Tuesday, June 28, 2016

The Well Read Review: The Hole Story of the Doughnut

The Hole Story of the Doughnut
Pat Miller (Author), Vincent X. Kirsch (Illustrator)
HMH Books for Young Readers
Amazon| IndieBound


Picture book biographies are a tricky, tricky thing.

Pack too much information into them, and they are reminiscent of the earliest doughnuts: "When the cakes were fried, Hanson dumped them on the dining table. They were sweet and crisp - at least around the edges. Their raw centers, heavy with grease, made them drop like cannonballs in the stomach. Sailors called them SINKERS."

Give too little information, and readers are left feeling...empty.

Fortunately for us, The Hole Story of the Doughnut is the picture book equivalent of a modern-day doughnut rather than its predecessor the Sinker. Miller has given us a sweet treat, just filling enough to satiate our appetites, with both factual information and fun, fictional accounts of the doughnut's history.

While the story centers on the doughnut, it truly is a biography of master mariner Hanson Crockett Gregory, who actually lived quite an incredible life, deftly described by Miller.
Hanson Crockett Gregory went to sea at 13, was captain of a schooner by 19, commanded a clipper a few years later, and was awarded a medal for heroism by Queen Isabella II. As you'll find in the author's note, Gregory eventually became a mining engineer and was the father of five daughters. Even in death Gregory's life was interesting.
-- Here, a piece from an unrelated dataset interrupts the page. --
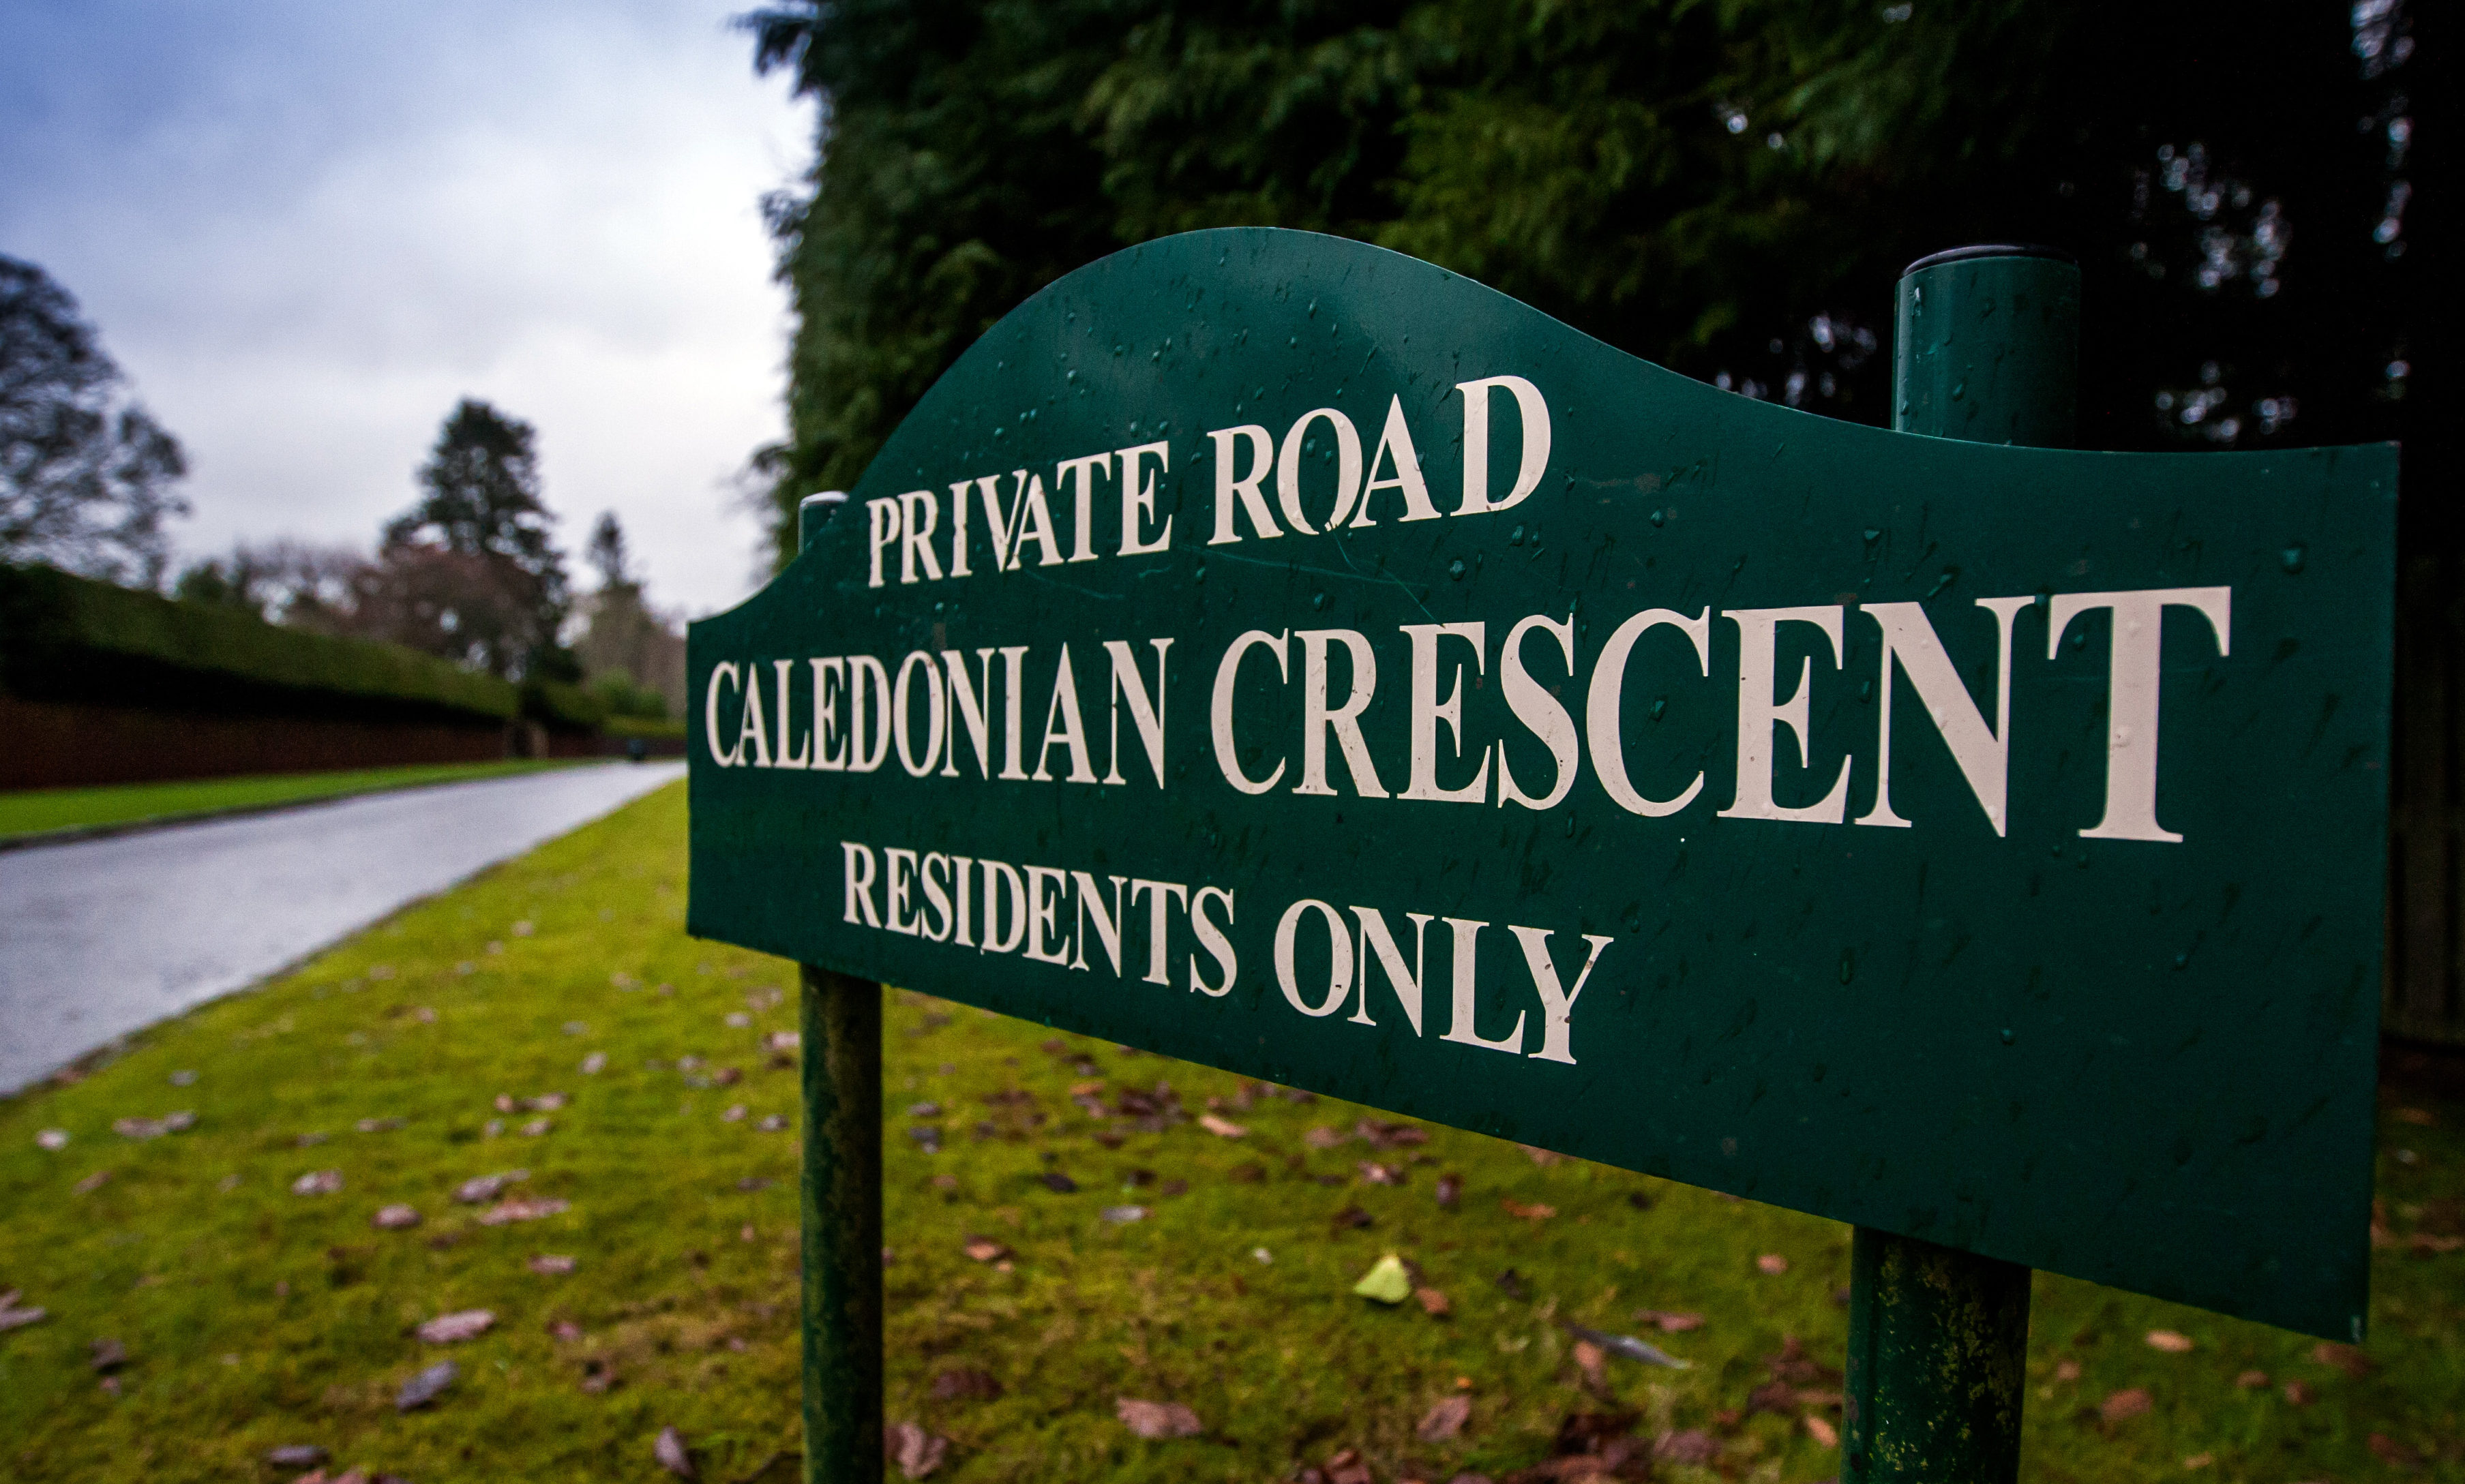 Caledonian Crescent in Perth has been dubbed Millionaire's Row

His claim to the invention of the doughnut was challenged 20 years after his death, and when his gravestone went missing, Dunkin Donuts took up the cause to replace the headstone of the inventor of the hole in the doughnut.

Common to picture book biographies, Miller briefly and tastefully mentions Gregory's death and place of burial, which may or may not invite questions about death depending on your reader.

Kirsch's cartoon-like illustrations lend a bit of fun to the tale of a delicious pastry and its inventor. The circular format chosen for the illustrations will delight young readers as soon as they notice it, almost like a doughnut puzzle. The cover and endpapers will also draw readers in, as they wonder what sailing has to do with doughnuts.

So when you "raise your next tasty doughnut to the master mariner from Maine," don't forget to raise one to Miller and Kirsch, too, for their appetizing telling of Gregory's tale. (That way you get two doughnuts. I won't tell.)

And, if like me, you are suddenly curious about whether it is doughnut or donut, check out the Huffington Post article Doughnut or Donut? The Great Spelling Debate Of Our Time. Which is your preference?